ASSIGNMENT
Make an exact copy of the data below, leaving out every picture.

DATA
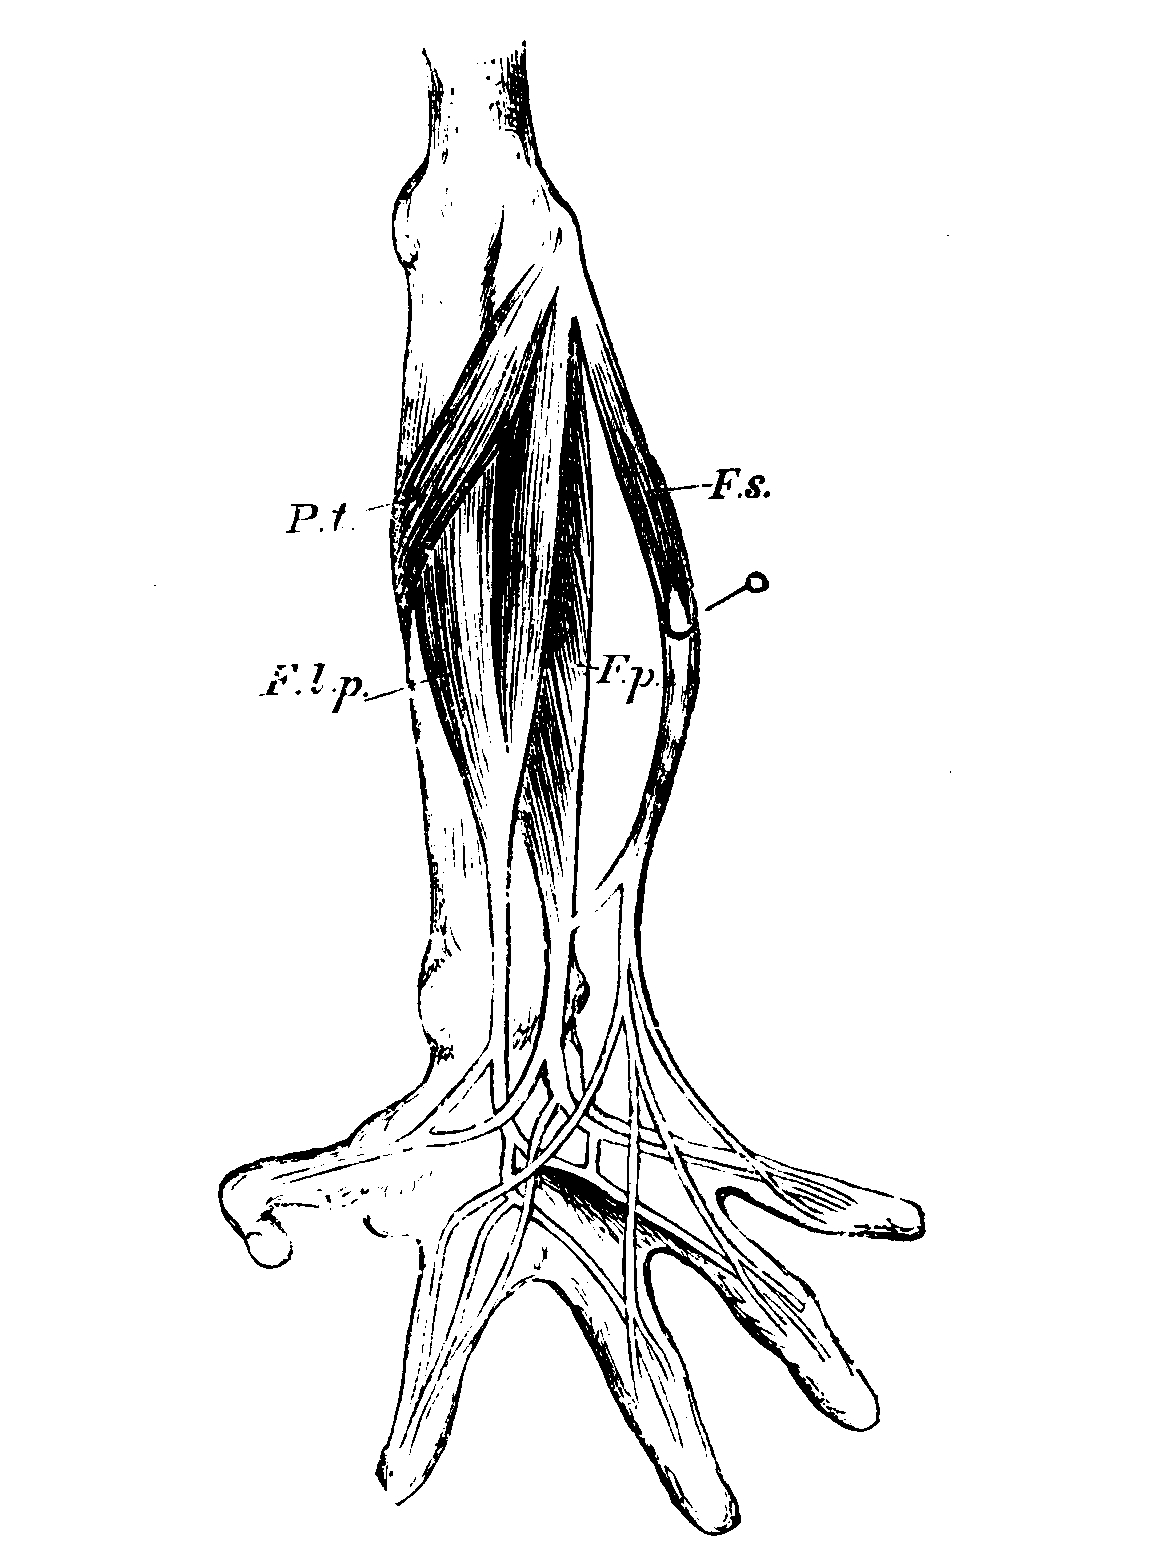 Muscles and Tendons of the Hand.
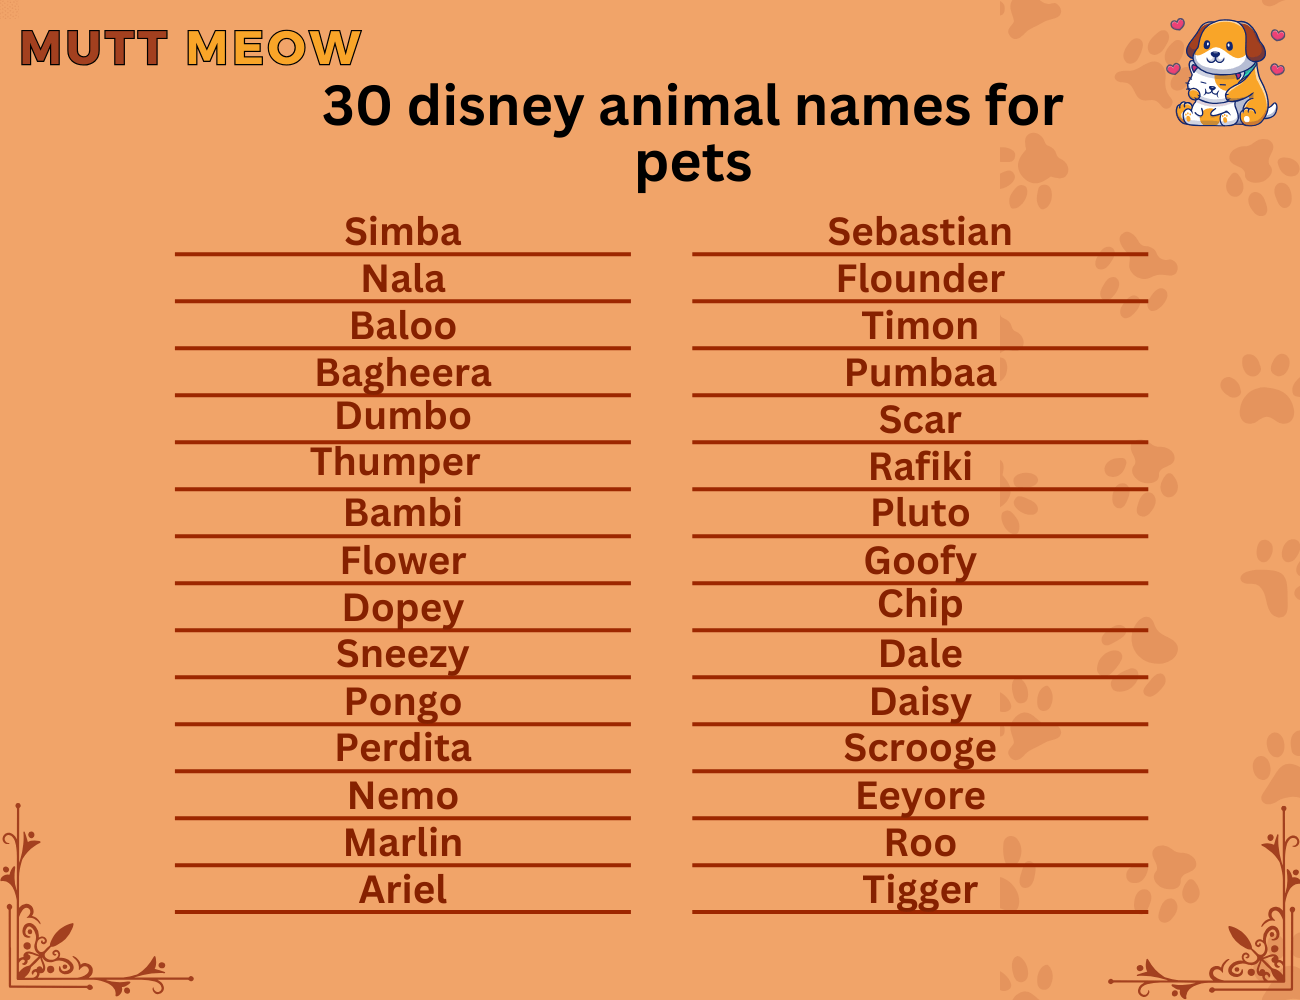 30-disney-animal-names-for-pets-mutt-meow
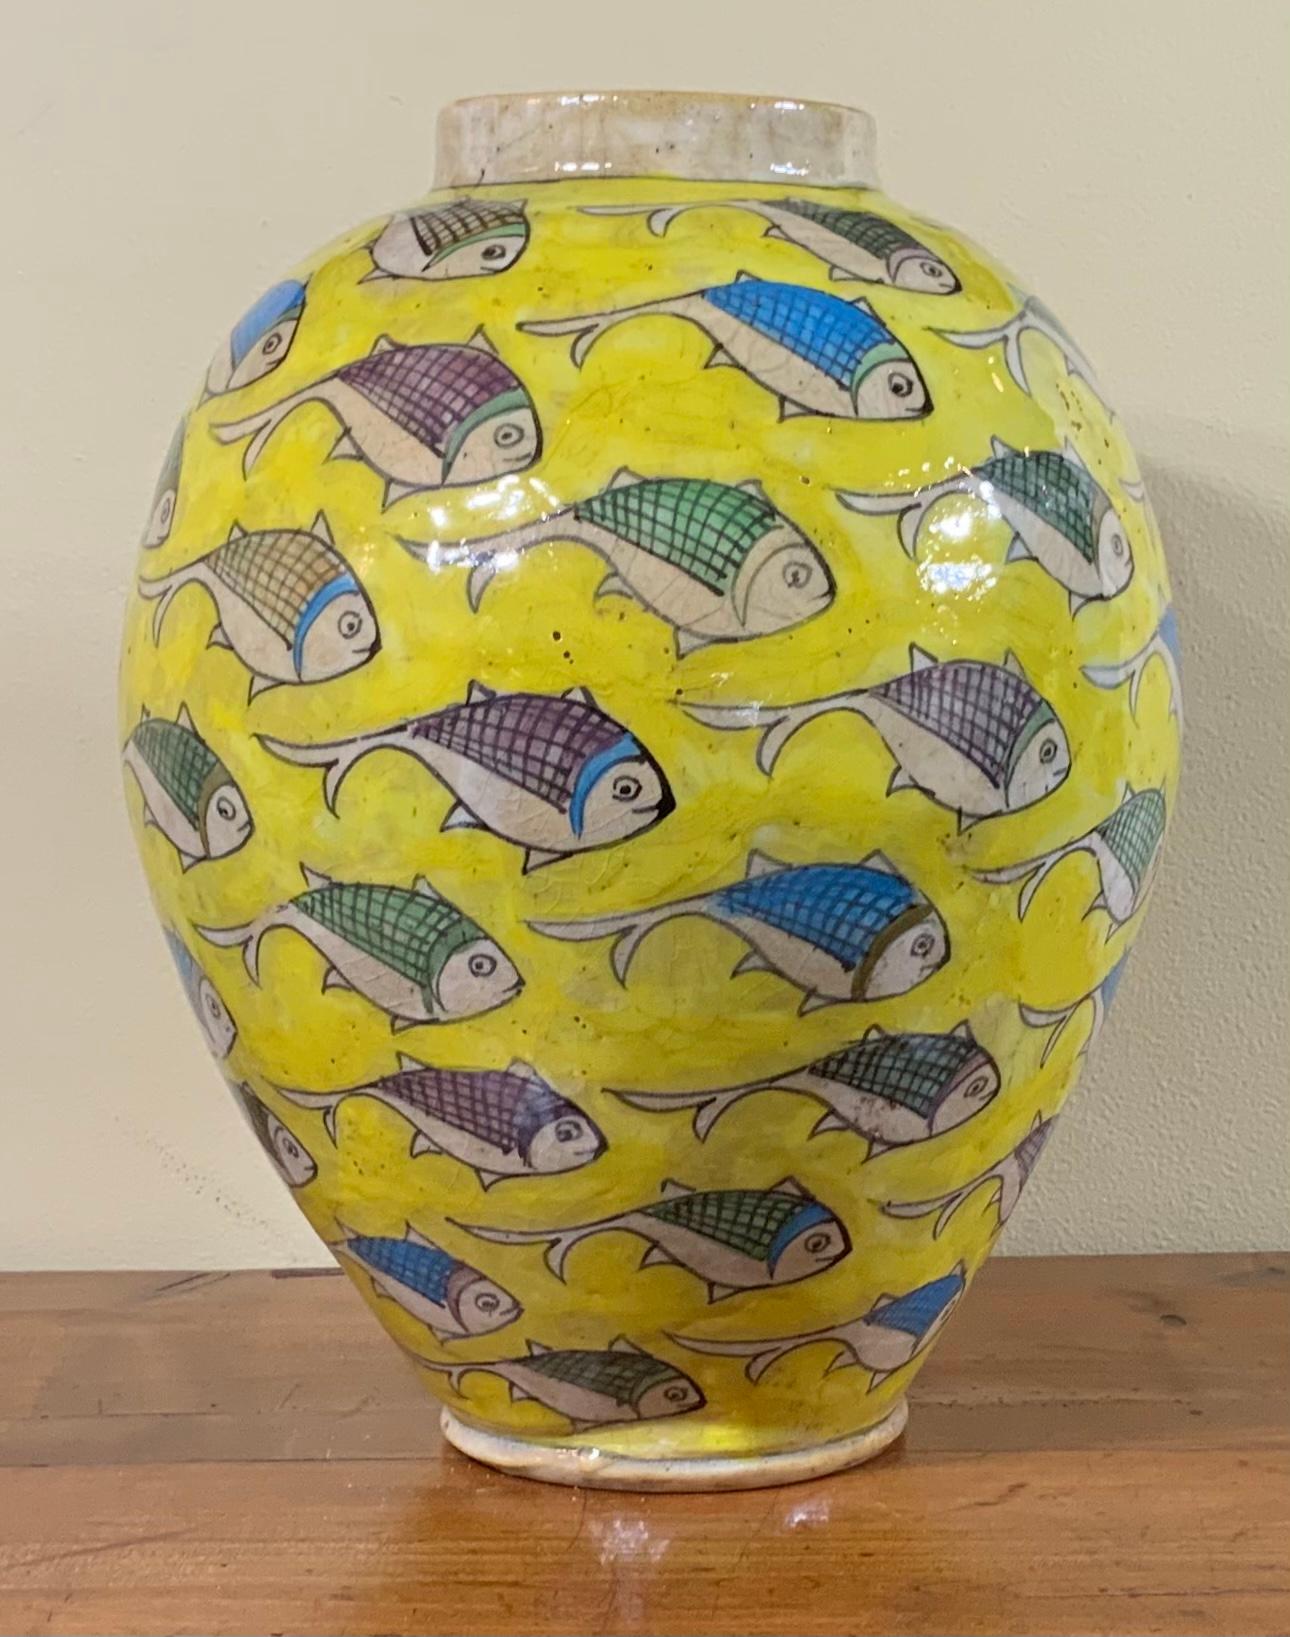 Beautiful yellow ceramic vase hand-painted and glazed with colorful fish motif surrounding on yellow background. Great object of art for display.
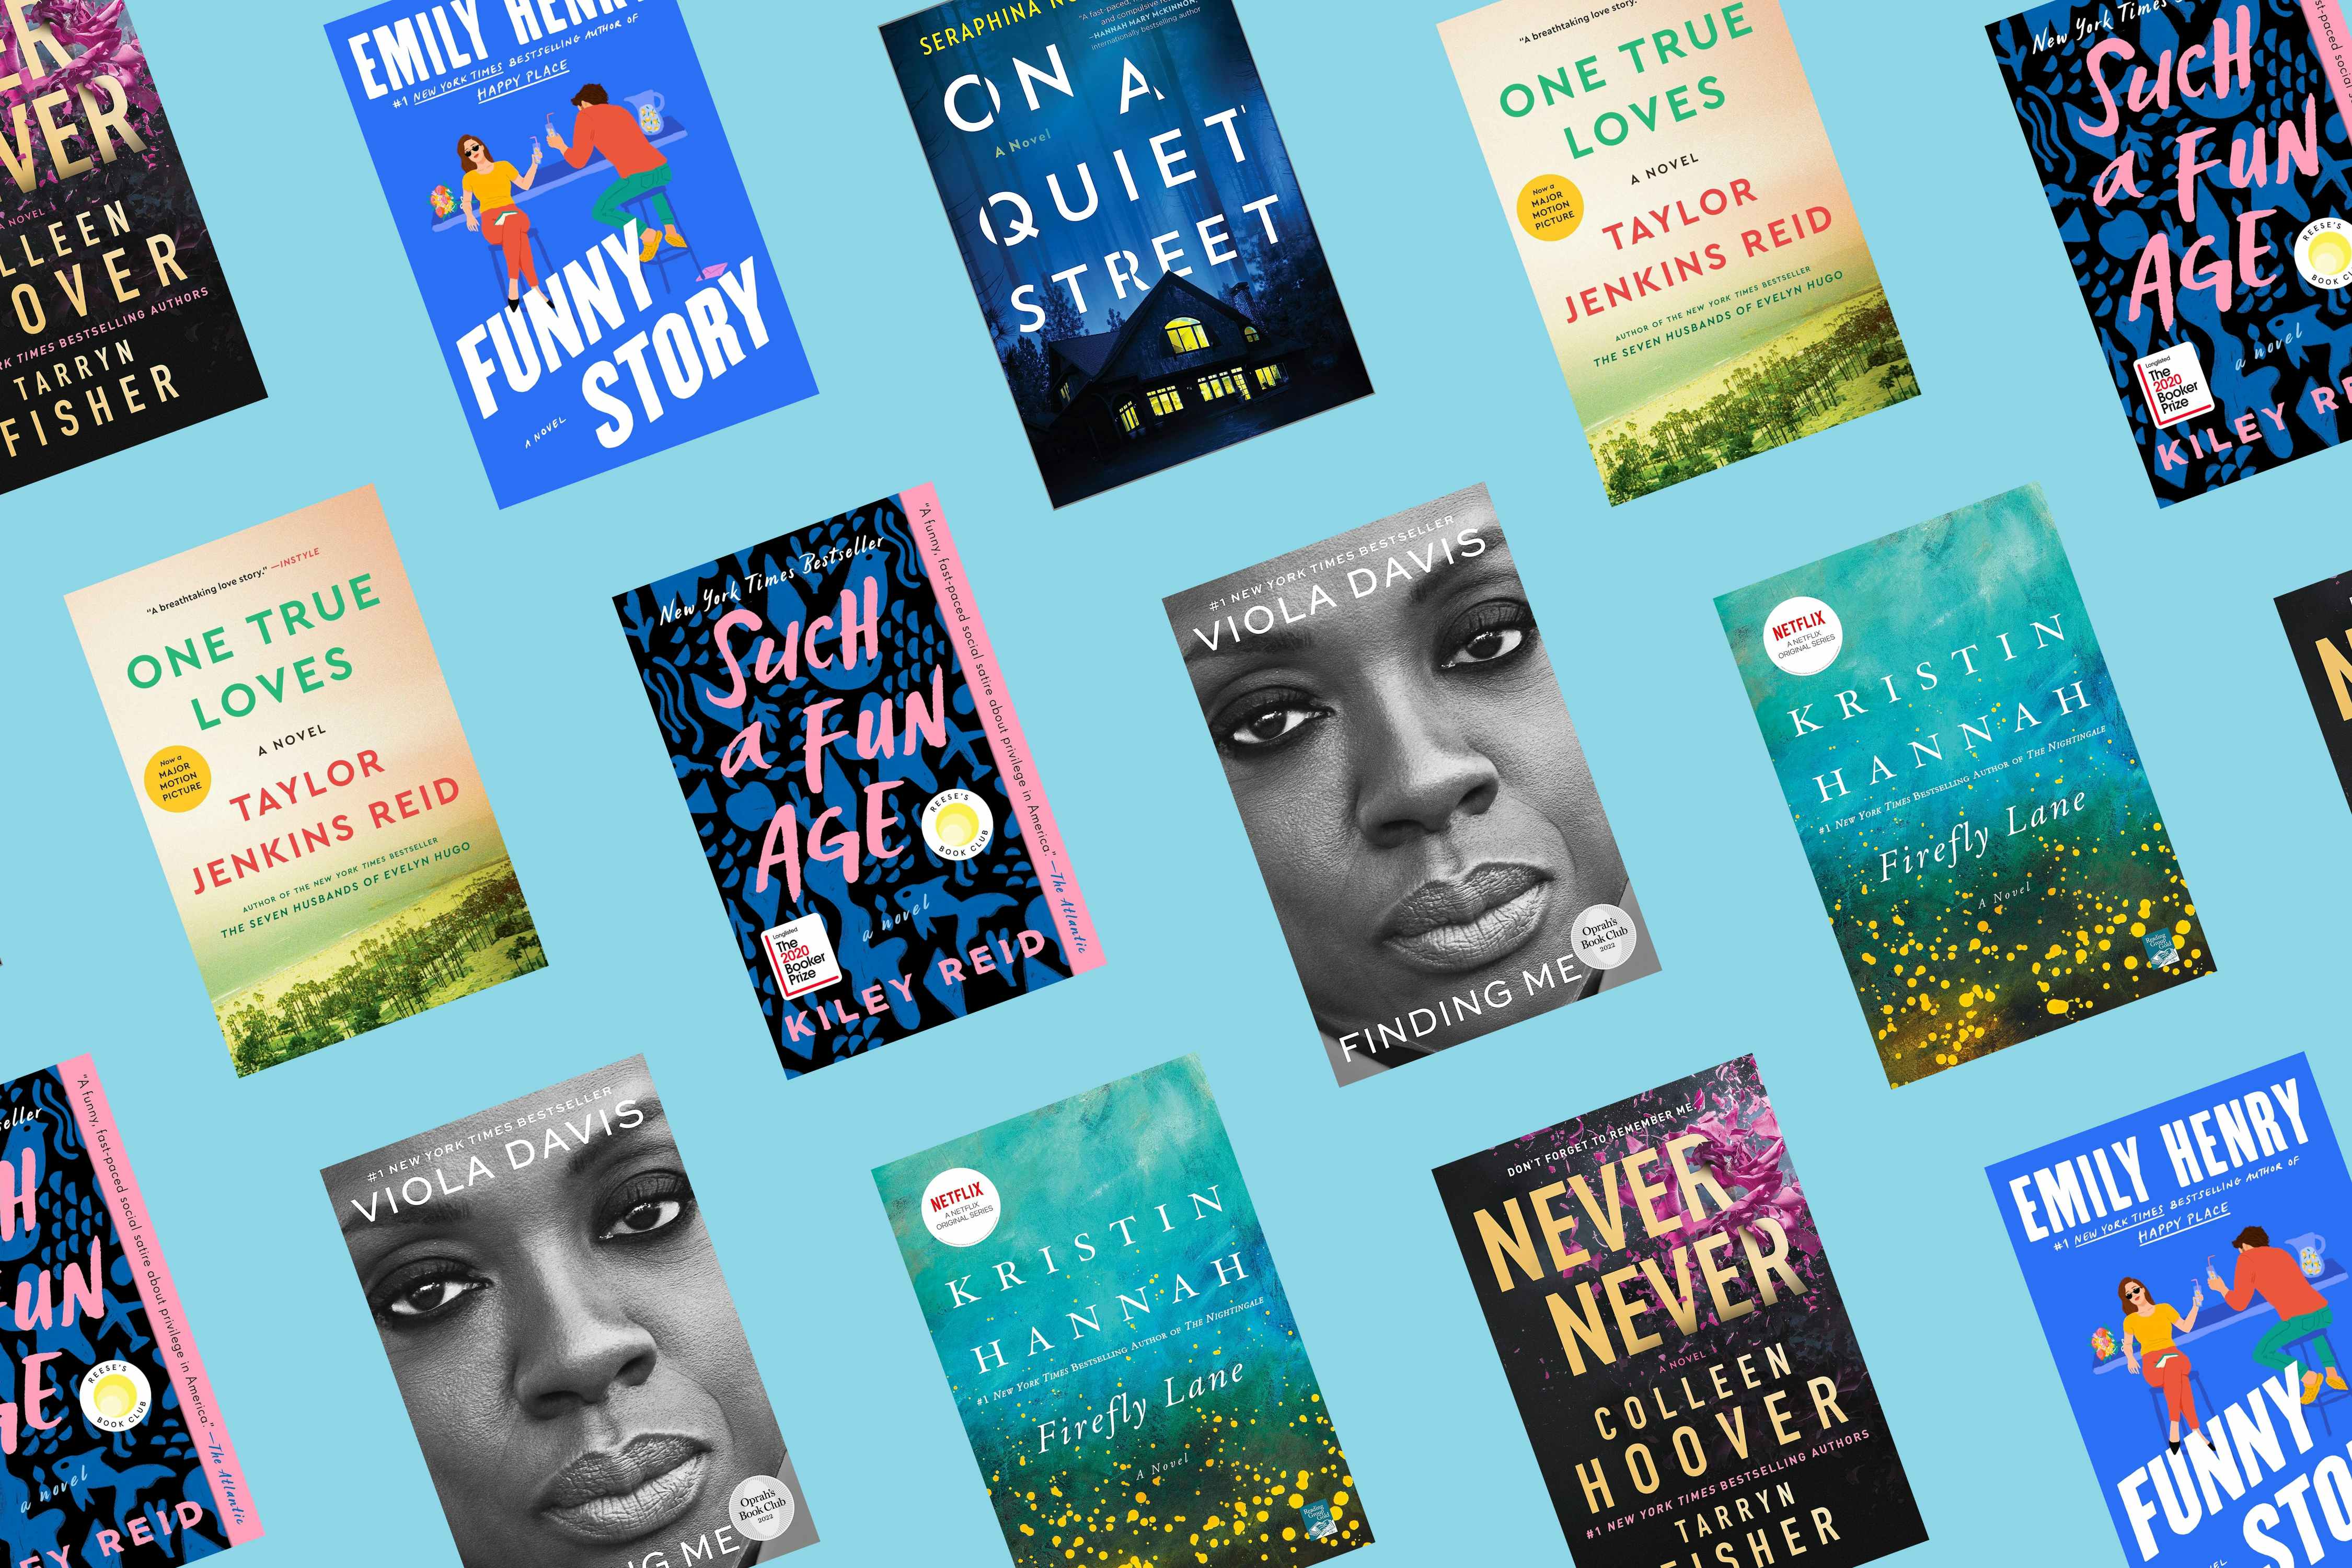 Amazon's Book Sale Features Cheap Summer Reads (Emily Henry, Colleen Hoover!)

RESULT BELOW
 Muscles and Tendons of the Hand.
 30-disney-animal-names-for-pets-mutt-meow
 Beautiful yellow ceramic vase hand-painted and glazed with colorful fish motif surrounding on yellow background. Great object of art for display.
 Amazon's Book Sale Features Cheap Summer Reads (Emily Henry, Colleen Hoover!)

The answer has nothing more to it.